Most often, CIOs and IT professional cannot enumerate the business value that information and IT delivers to an enterprise. It is uncertain that the financial profits of a large percentage of new IT projects could be reviewed and calculated for the financial benefit they have brought to an enterprise. Project sponsors inept of foretelling where the financial benefits will emerge but who obtain project approval will have their projects so designated.


Principle No. 3: By 2020 more than 50 percent of all Enterprise Information and IT Spending will Directly Support Revenue-generating rather than Expense-related Business Processes.


The majority IT applications for the past few decades have first and foremost and mostly sustained business processes associated to the expense side of an income statement. CEO survey results point to the high precedence of organic business growth. CIOs must lead their workforce to recognize how information and IT can promote organic income growth of existing and/or new products and services.

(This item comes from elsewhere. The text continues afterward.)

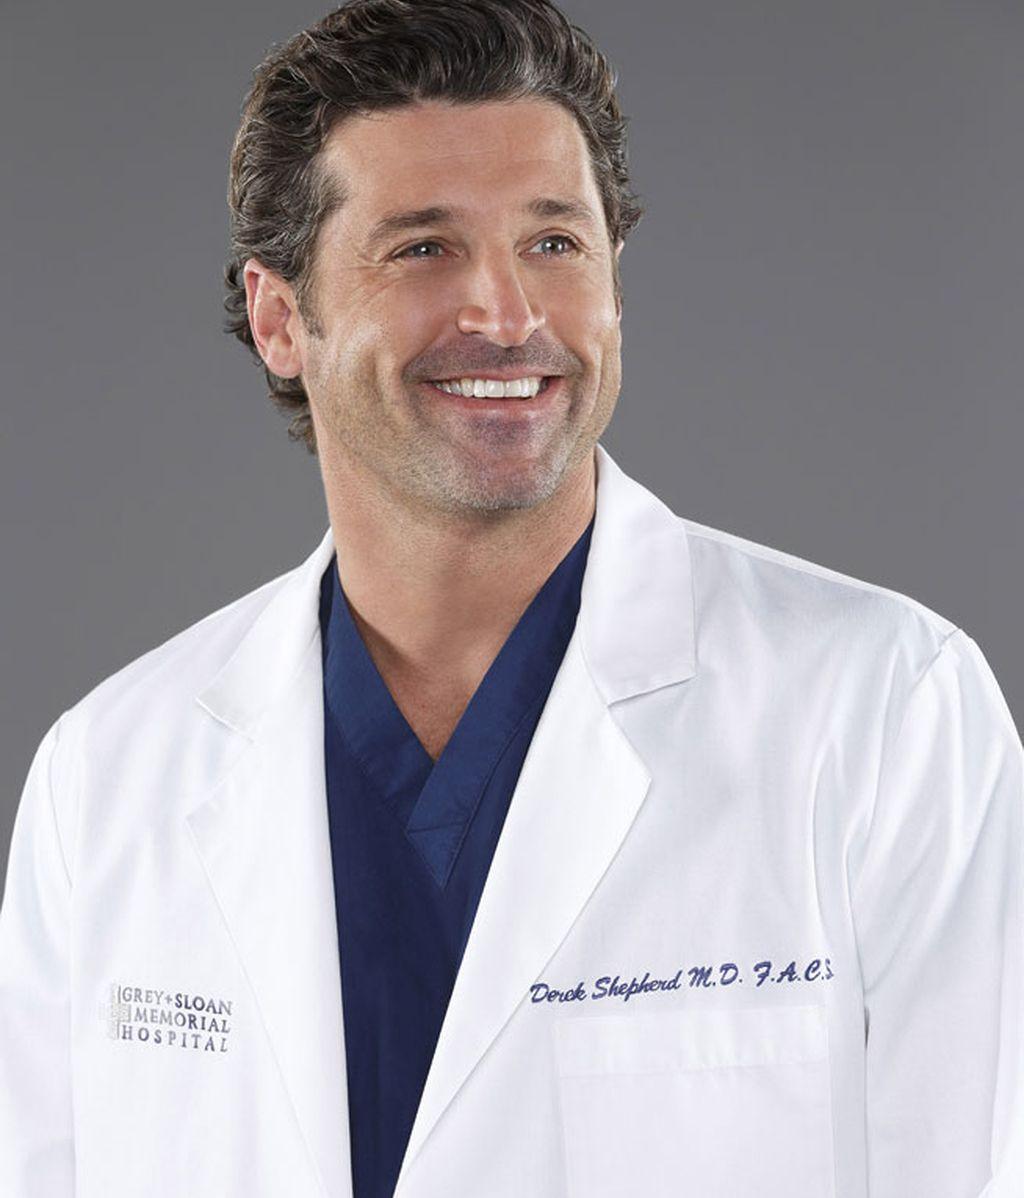 Patrick Dempsey da vida al neurocirujano Derek Shepherd, marido de Grey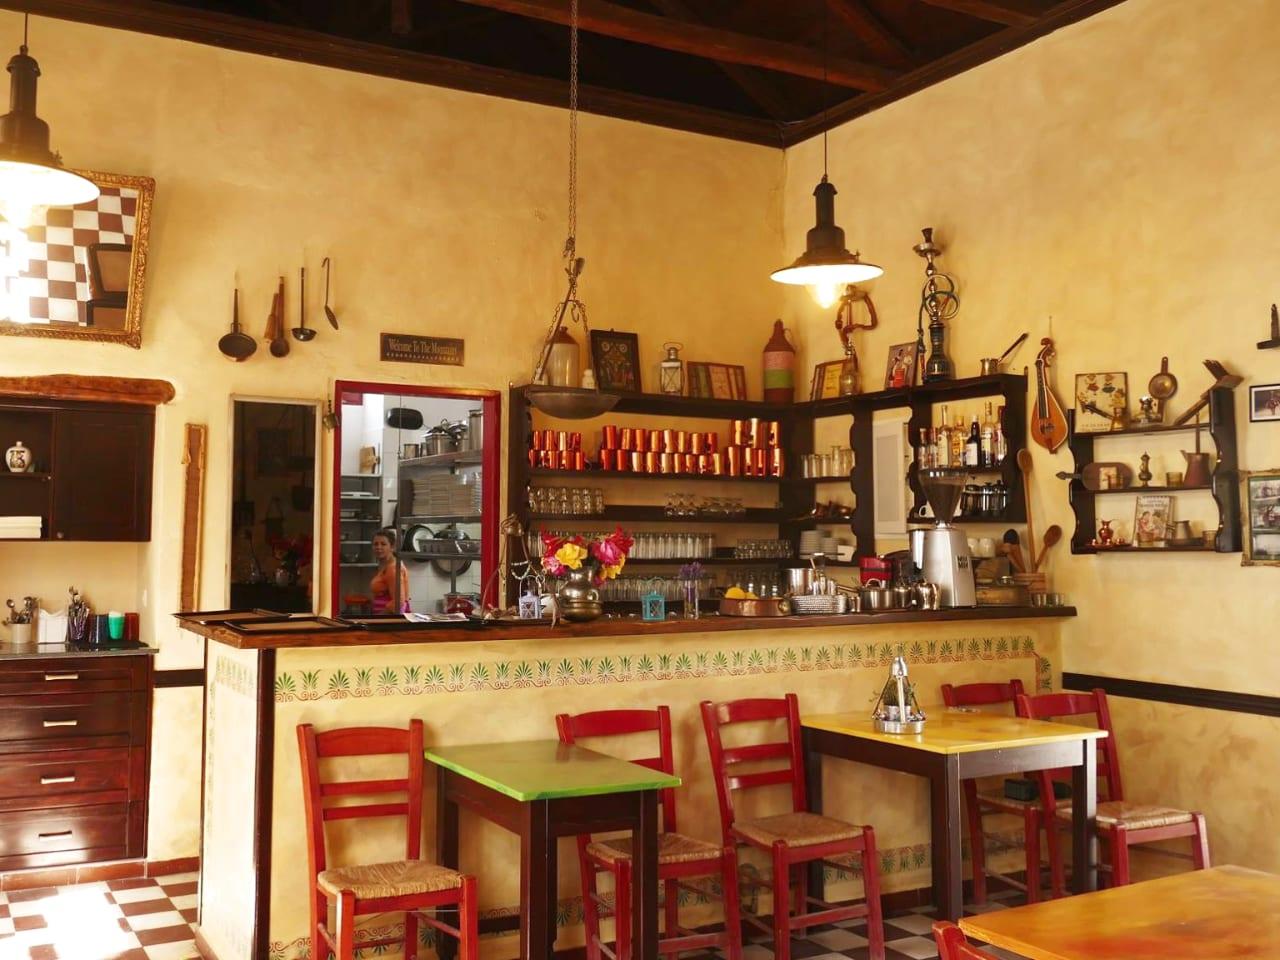 The interior of Old School at Anidri Village, Paleo scolio anidri village, old school anidri village paleochora, eatery restaurant paleo scolio

Principle No. 4: The Incentive Portion of CIO Compensation will be Derived from the Amount of Money Created by the Efforts of CIOs and their Staffs.

CIOs wanting an enduring and stable position at strategic planning tables must be keen on taking the same types of risk-reward compensation circumstances crafted for the CEO, head of sales and other senior executives. CIOs who can adapt information into new savings and new revenue and IT into cost savings will have little obscurity with such a compensation scenario.

Mr. Iyengar said that the time really has come to confront the most frequently held IT organization, operations and leadership beliefs as becoming a money-making CIO entails testing the efficiency of all existing IT business practices. For the next two years, business-initiated requests for new IT projects should only be undertaken if they yield measurable and auditable financial benefits for the enterprise, he said.